In this fierce new realm bad people, like stepmothers, witches, and Cinderella’s sisters, were punished in gloriously gory ways: burning, beheading, and blood. Good people—aka heroines–were rewarded, usually with a prince, for various virtues: Cinderella persisted in going to the ball, Snow White nurtured dwarves, and Beauty’s compassion transformed a beast. I was hardly into dress-up and dancing, much less homemaking or marriage, but I understood that personal strengths were rewarded. I did have a low opinion of Sleeping Beauty, however, who received her prince merely for falling asleep on the job.

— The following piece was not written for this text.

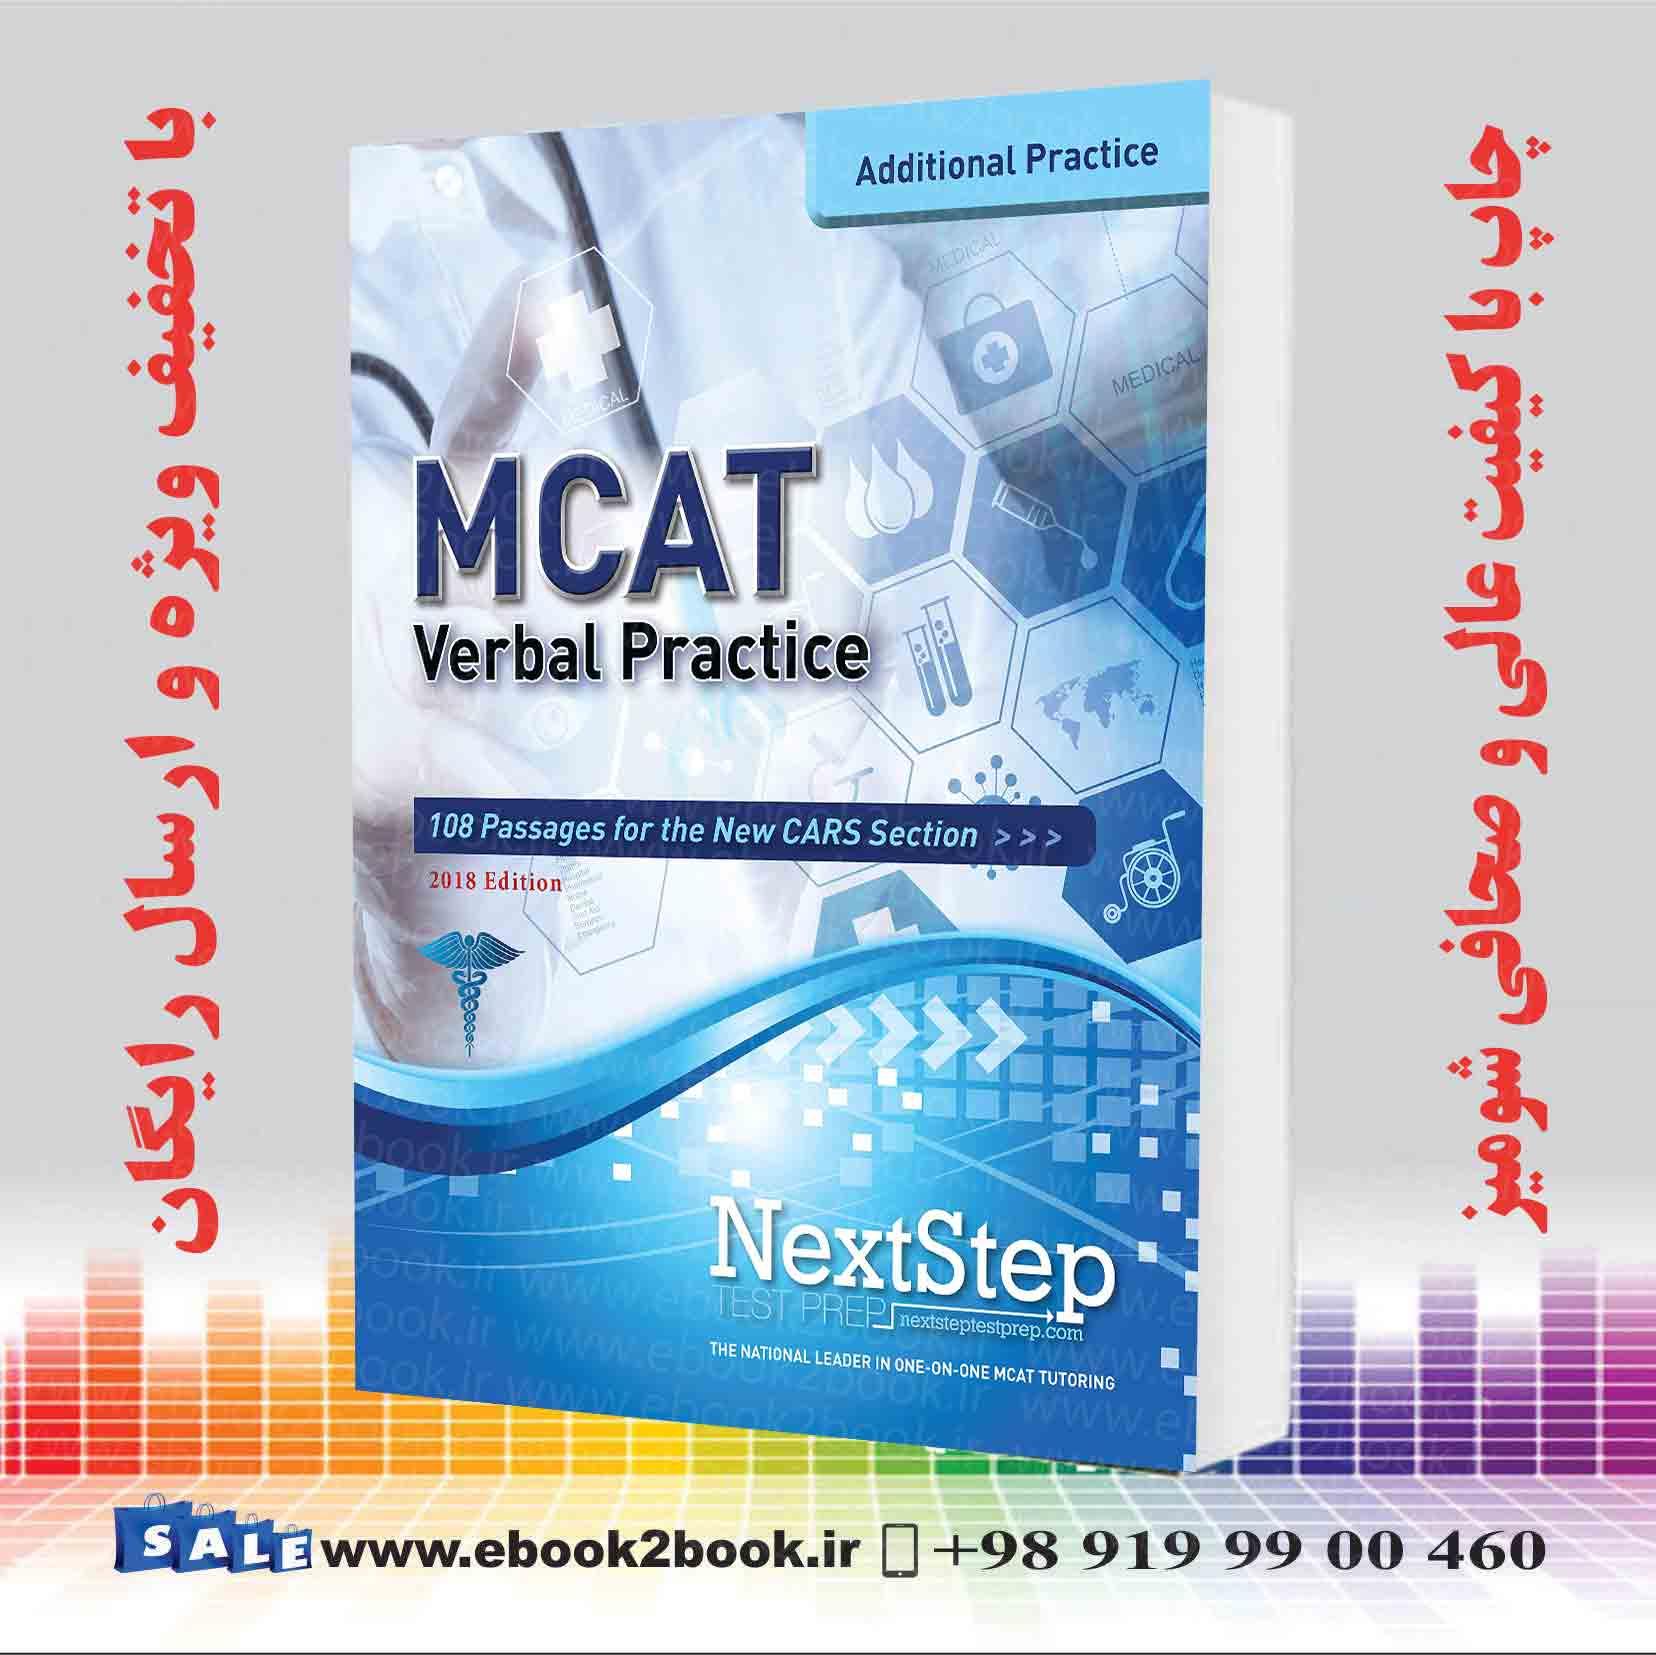 MCAT Verbal Practice - 2018

Eventually, I came across the Frog Prince, in which a rather prissy princess makes a deal with a frog: if he will retrieve her golden ball from the bottom of a pond, the princess will allow the frog to eat from her plate and sleep in her bed. The princess gets her ball back, ditches the frog, but when her king father insists that a deal is a deal she has to endure the frog’s proximity. Some nights later, the princess even had to kiss the frog—which turned him into a prince. I didn’t think it would be so hard to kiss a frog, and accepted the rightness of a by now familiar fairy tale trope: eros transforms.

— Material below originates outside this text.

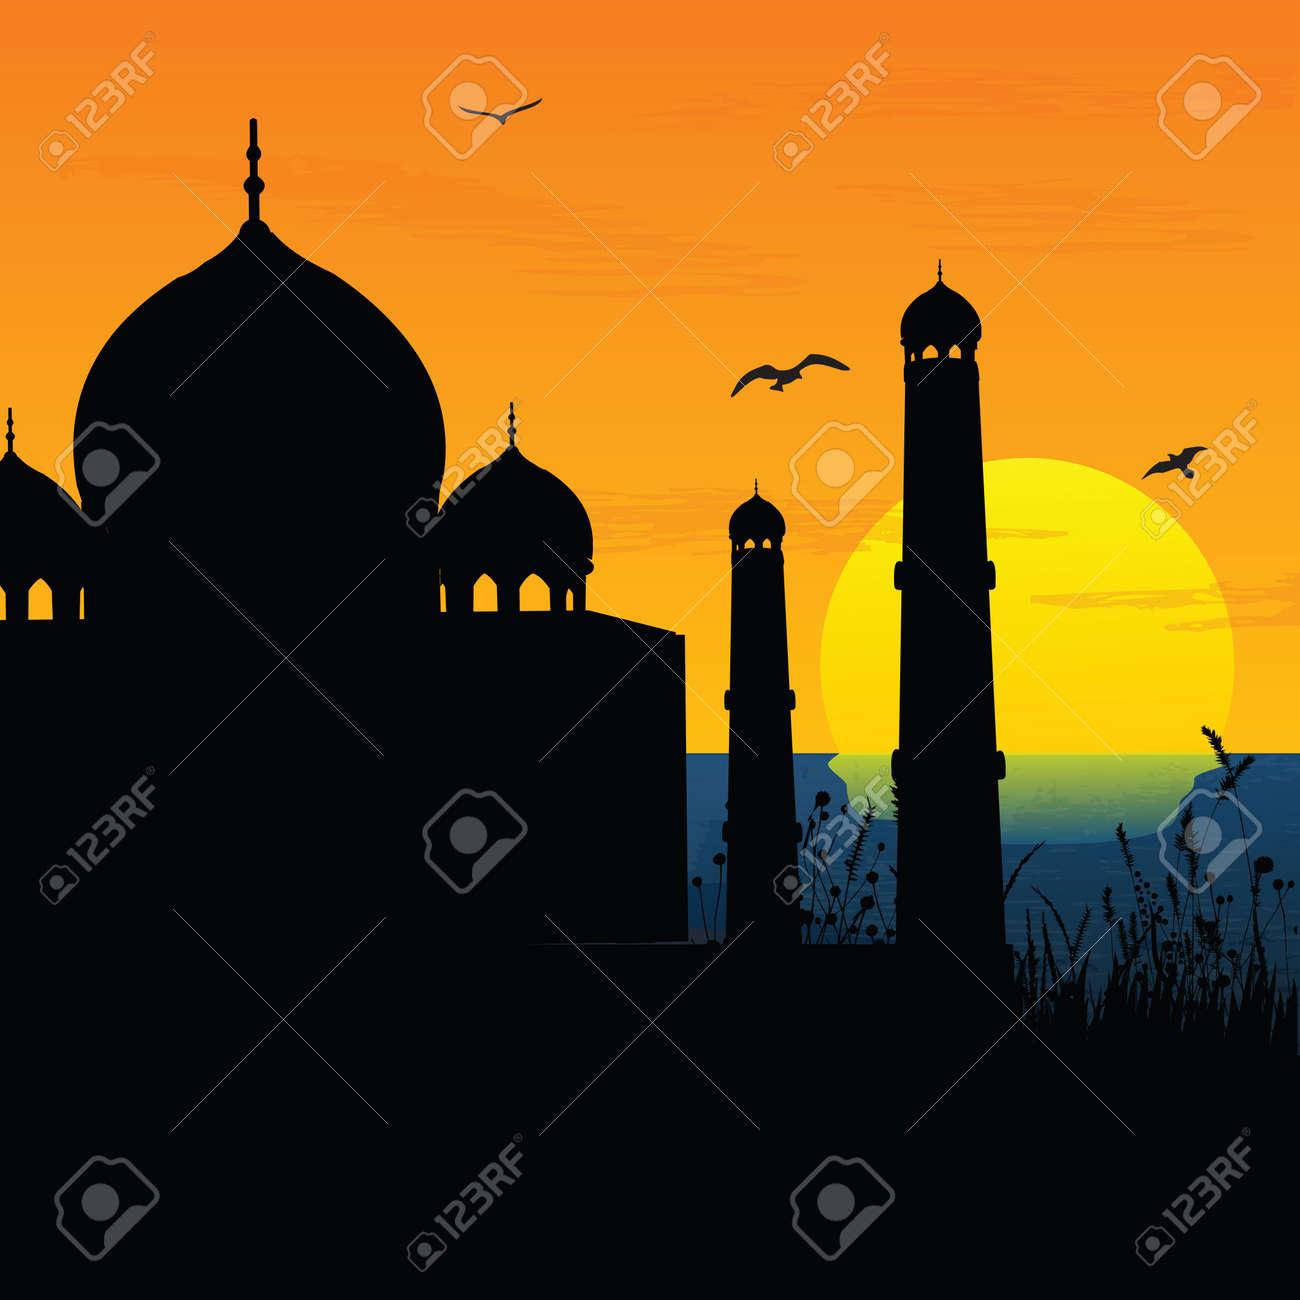 Silhouette View Of Taj Mahal Agra India Sunrise Sunset

But in the second version of the tale, maybe a couple of shelves down, I read that the petulant little princess, required merely to share her food and pillow with a frog, had a royal tantrum and flung the frog against the wall. I imagined the frog exploding like a balloon filled with Jello, and was shocked that the princess’ rage, revulsion, and rebellion were rewarded with the usual prince. This was a whole new storyline – talk about cognitive dissonance! – and it thrilled me.

Suddenly there was room in the goodnesses of the feminine for the authenticity of no, even if it meant defaulting on a deal, acting aggressively, and defying patriarchal authority. There was, and is, room for protest, even if it’s emotional and messy. This princess – and all our inner princesses – may be rageful, impulsive, and defiant, but they are entitled to no – and to choosing their own bedmates.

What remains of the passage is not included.